DALLAS — The bipartisan infrastructure bill in Congress, set to be voted on later this month, will be key to completing the Texas bullet train, according to its CEO.
“I think whatever happens with the infrastructure [bill] is key to us. I believe that would be the final element that would bring us together,” said Carlos Aguilar, the CEO of Texas Central, the company building the bullet train, in the latest episode of the Y’all-itics political podcast.
Texas Central, which maintains that it will be entirely privately funded, will not ask for a federal grant or any tax money to begin the project, Aguilar said. Instead, he explained, the bipartisan infrastructure bill is expected to create low-interest, long-term loans for major infrastructure projects like the train.

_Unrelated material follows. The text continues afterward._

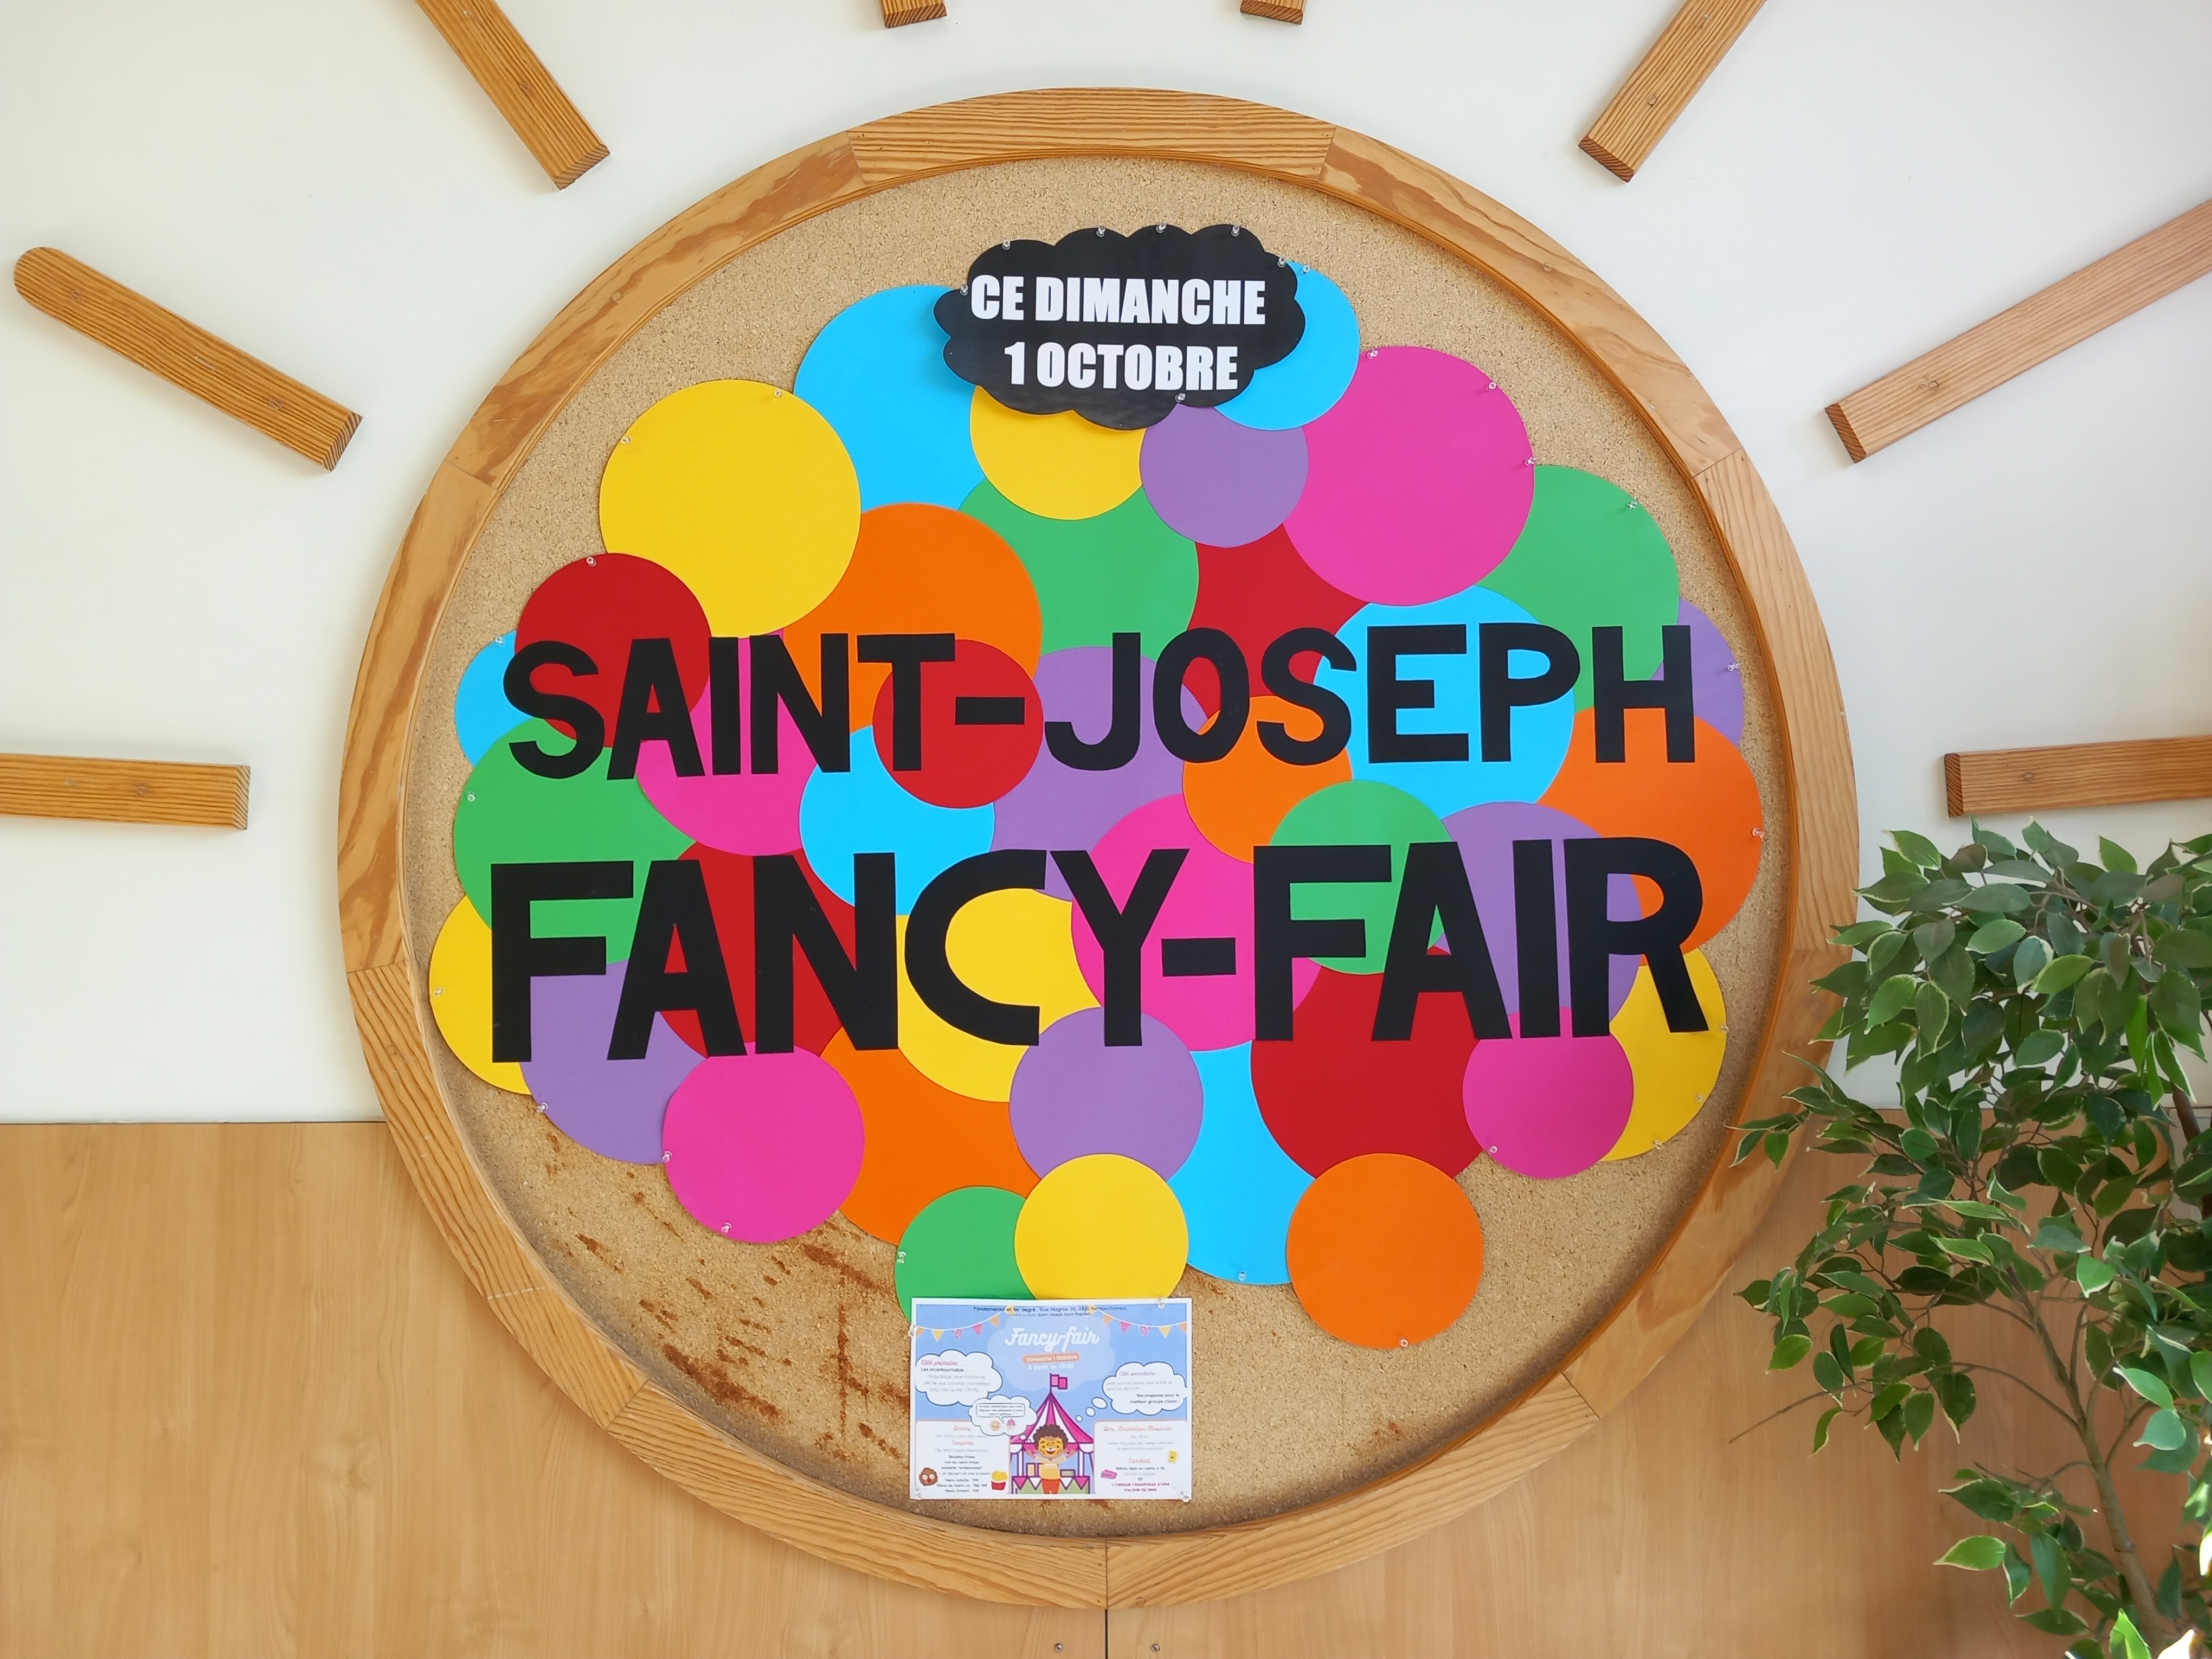 La Fancy fair

“Our target has always been loans,” Aguilar added on the podcast. “It is focused, as I said on the long-term debt that is available through, for example, the RRIF program out of the U.S. Department of Transportation. And that's what you need to build large infrastructure.”
But how much money does Texas Central need to borrow from the federal government to begin building?

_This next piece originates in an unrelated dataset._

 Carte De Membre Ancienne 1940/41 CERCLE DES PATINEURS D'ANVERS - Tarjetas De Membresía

“How much it is or end up ends up being I cannot say precisely,” Aguilar explained, “our current estimate is around $12-billion. But it could be more. It is in that range.”

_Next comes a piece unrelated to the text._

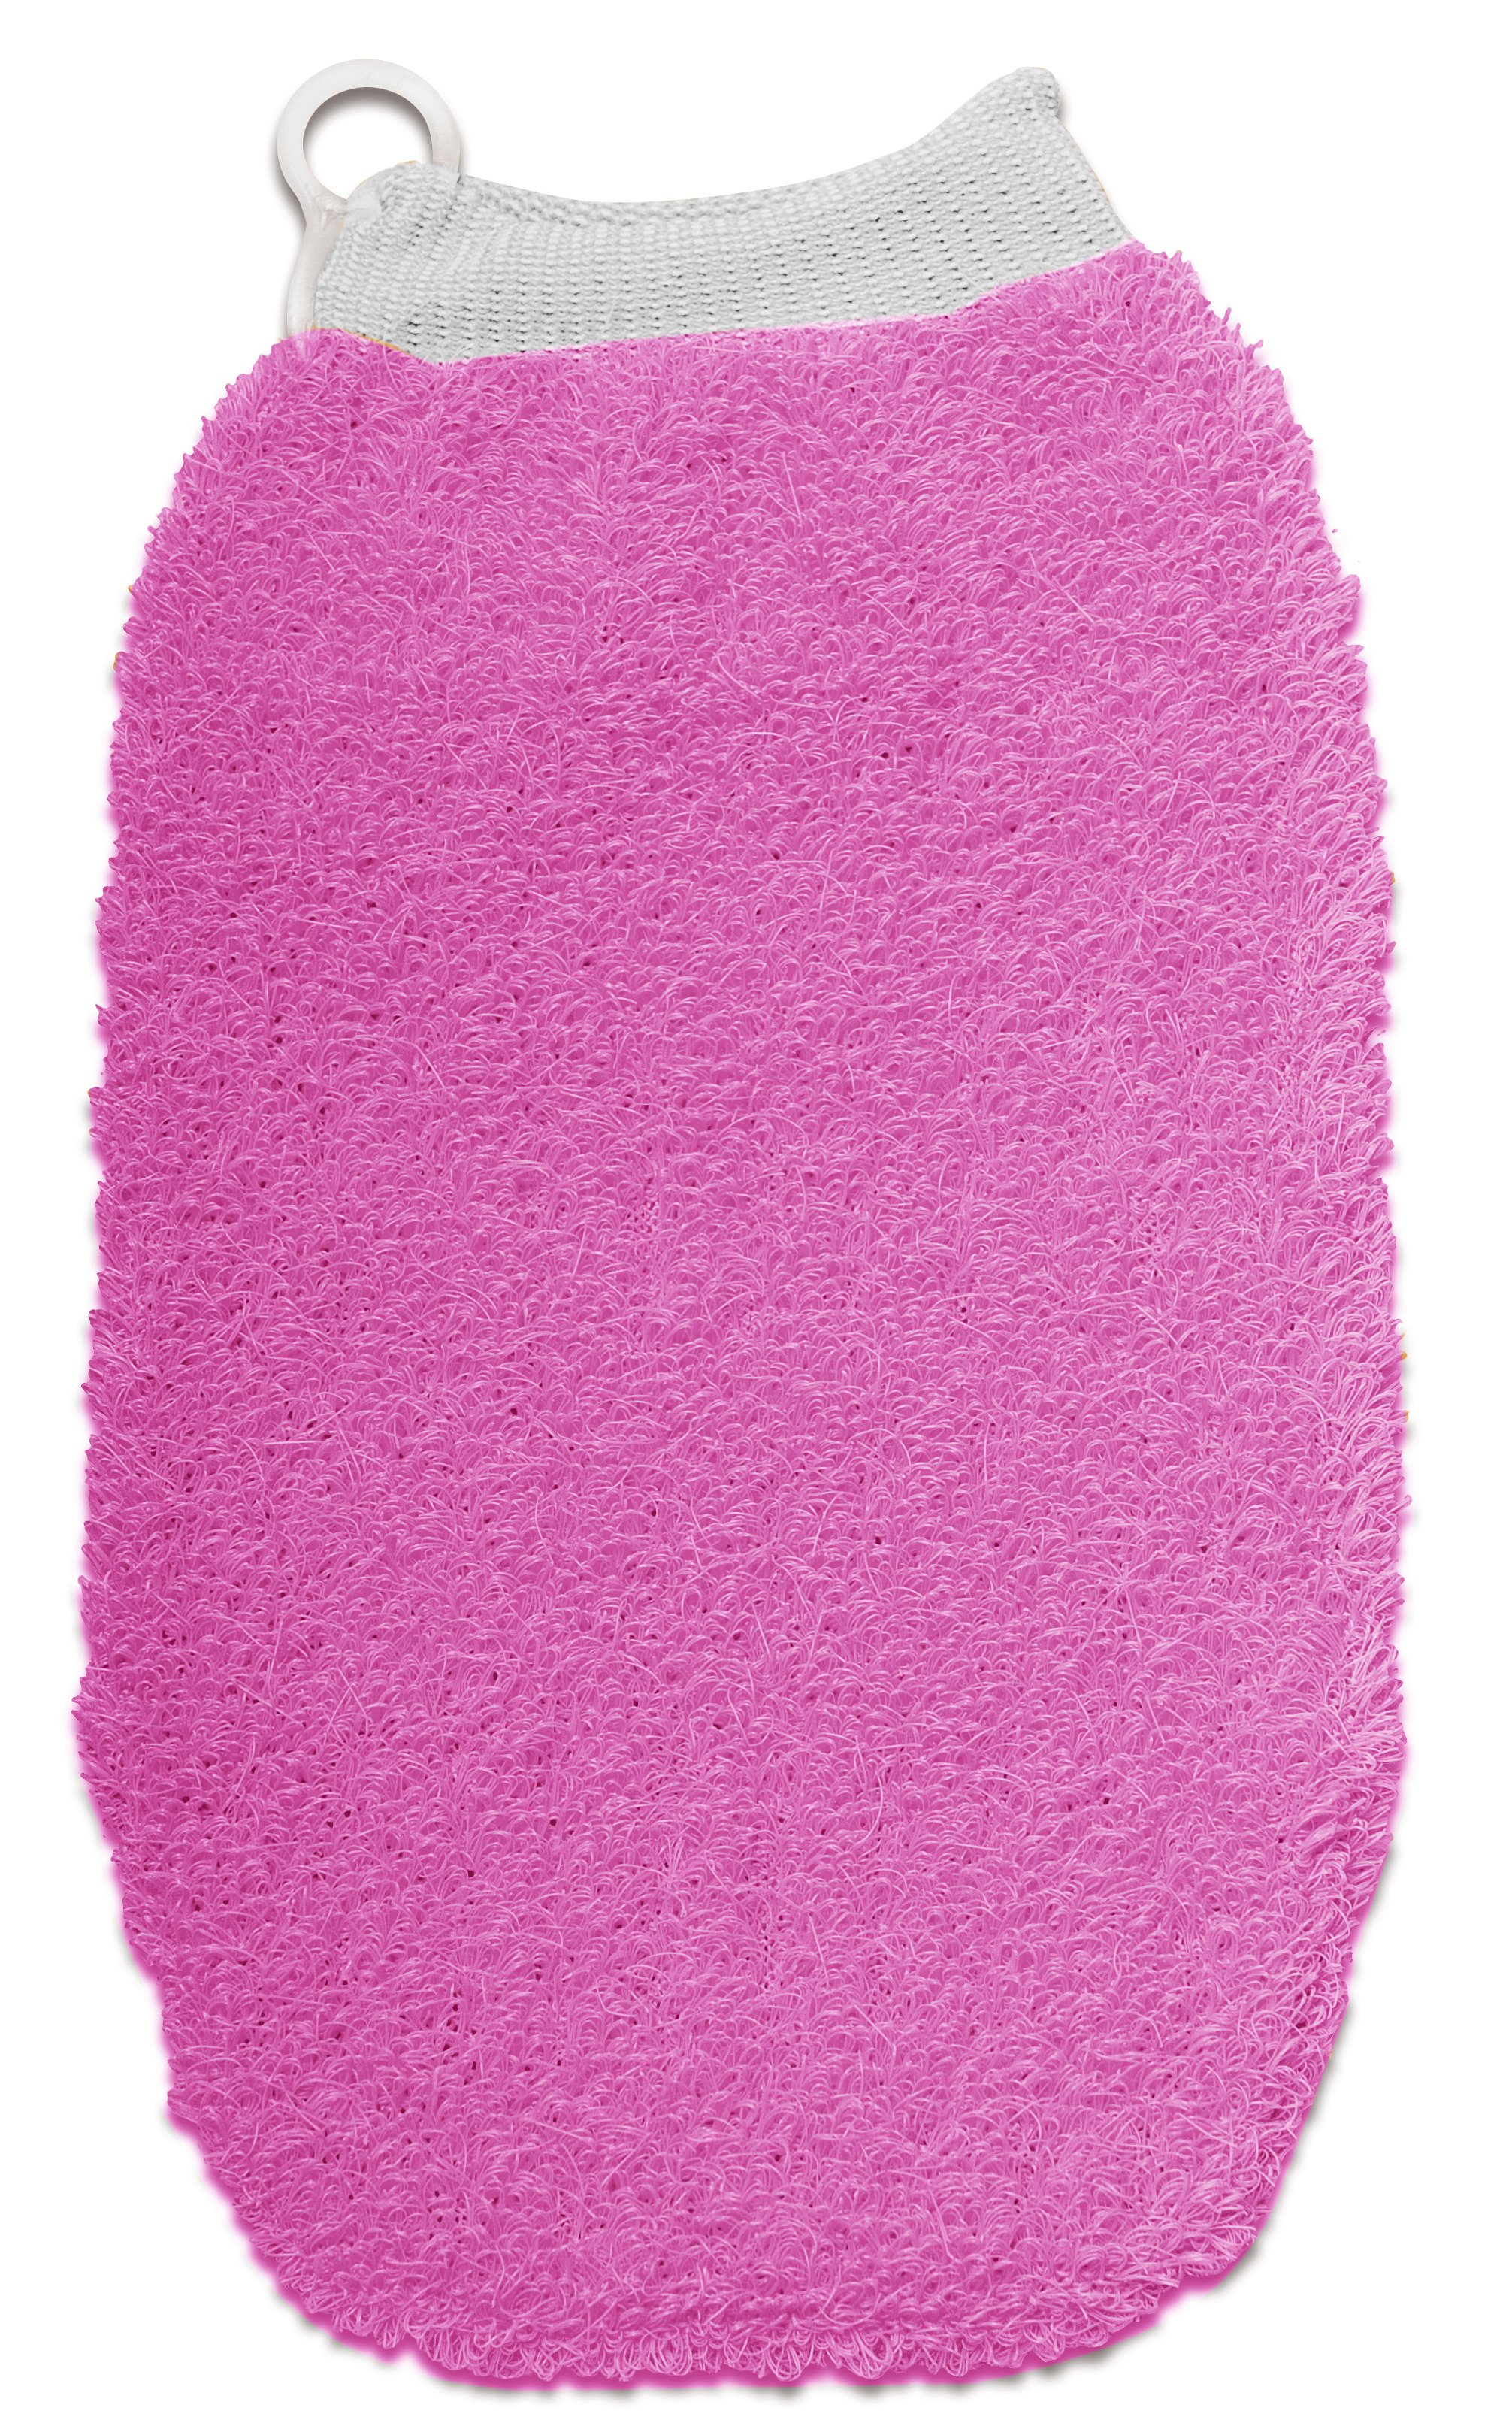 Мочалка банная массажная Titania Рукавичка, 22,5 см, малиновый (9100 малин) - фото 1

Texas Central has already secured letters of intent from banks in Japan and Europe, the railroad said.
But that $12-billion in loans from the infrastructure bill makes up about half of the remaining funding that’s necessary.
“The hard cost of this is about $24 billion. That is the cost of building this, setting it up and doing the start-up, installing all the equipment, and ensuring that you can get to commercial operations,” Aguilar continued.
When will construction begin?
For months, Texas Central has publicly stated that construction is projected to begin at the end of 2021 or beginning of 2022. But Aguilar said that timeline remains fluid.
“Well, it all depends on funding. You know, that's the real item that we're working on now. All the major items that we need to support the execution phase are in place,” he explained.
Even if the infrastructure bill passes this month creating long-term loans for Texas Central, is it possible that construction on the bullet train could still begin in the next six months?
“It is ambitious,” Aguilar said. “I think it's very optimistic to think that we would be turning dirt in six months, but again, we are having interest from private funds… so again, it's possible I cannot give you more than a 50% chance.”
How much will tickets cost?
For the first time, Aguilar also revealed how much a ticket on the Texas bullet train might cost.
“We're at about 75% of what air travel costs, that is more or less where price point is,” Aguilar said.
So how much is that?
Southwest Airlines charges $205 to fly between Dallas and Houston on an “Anytime” fare with a week’s notice, according to a check of its website.
That means a seat on the bullet train – at about 75% the cost of airfare – might be about $153.
Like airlines, Texas Central will have dynamic pricing which fluctuates during peak times. But the train has many more seats than an airliner does, with larger cabins, and more legroom for passengers.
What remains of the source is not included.